Lucy: The Discussion Continues

Brent and Nick break down Luc Besson's latest.

By Brent McKnight | Updated

This article is more than 2 years old

LucySupporting Players

Nick: I really, really wish Freeman and those other “scientists” weren’t in this movie.

Brent: Agreed, they are by far the weak link. You know Besson included them to give an air of authority and fact to his bullshit science, like they went through their Rolodex looking for someone people believe and landed on Morgan Freeman. “He’ll take a check and let us borrow that deep, authoritative tone.” But all those scenes do is take up time and screw up the flow. The only times the pace slows down are during those scenes.

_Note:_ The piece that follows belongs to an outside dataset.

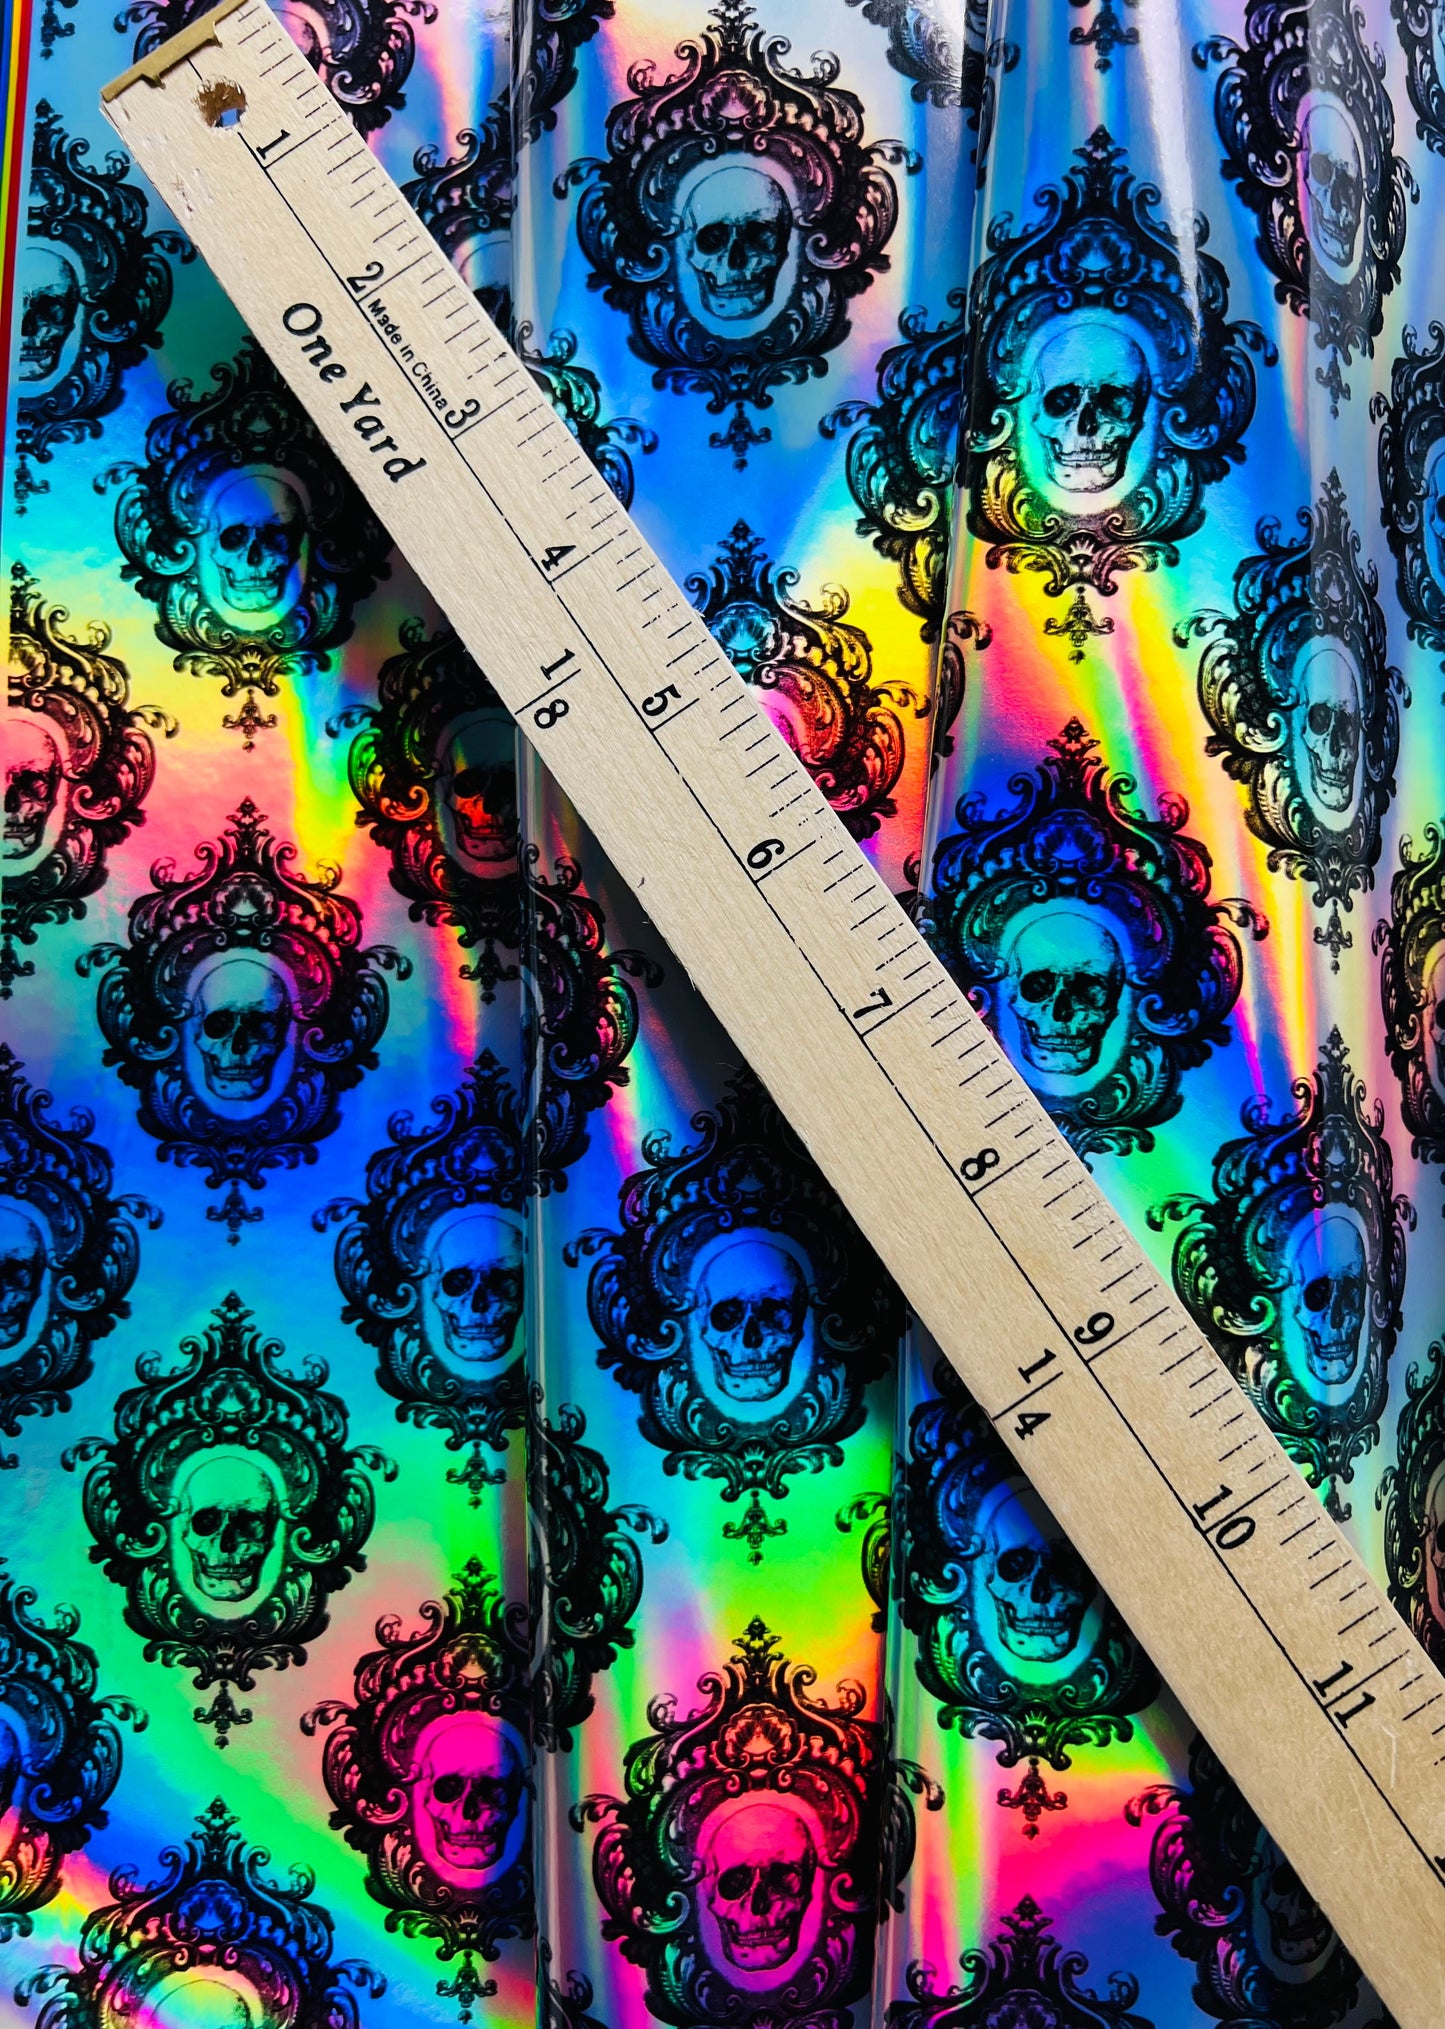 RETAIL Printed Holographic .5mm Soft Back VINYL

Nick: Especially in the beginning, as Lucy’s life is happening and Freeman is quasi-narrating. What’s weird though, is that he stumbles over his words a few times, stuttering when he shouldn’t. If I’m going to get yet another Morgan Freeman-knows-all role, he’d better damned well be filmed nailing the lines.

Brent: He’s barely even phoning it in.

Nick: Even though there’s technically no real reason why this film took place in Taiwan[Ed. Besson said he chose the location because he filmed part of The Fifth Element there and always wanted a reason to go back], I’m glad that it gave them a chance to use Oldboy‘s Choi Min-sik as an unintelligible and impulsive villain. It didn’t matter that he barely speaks, English or anything else. He speaks bloodthirst.

Brent: His introduction is super badass. White suit, splattered with blood, looking bored with whatever horrible things he just did to another person. He doesn’t need to talk, he just has a threatening presence onscreen, an animal, visceral menace.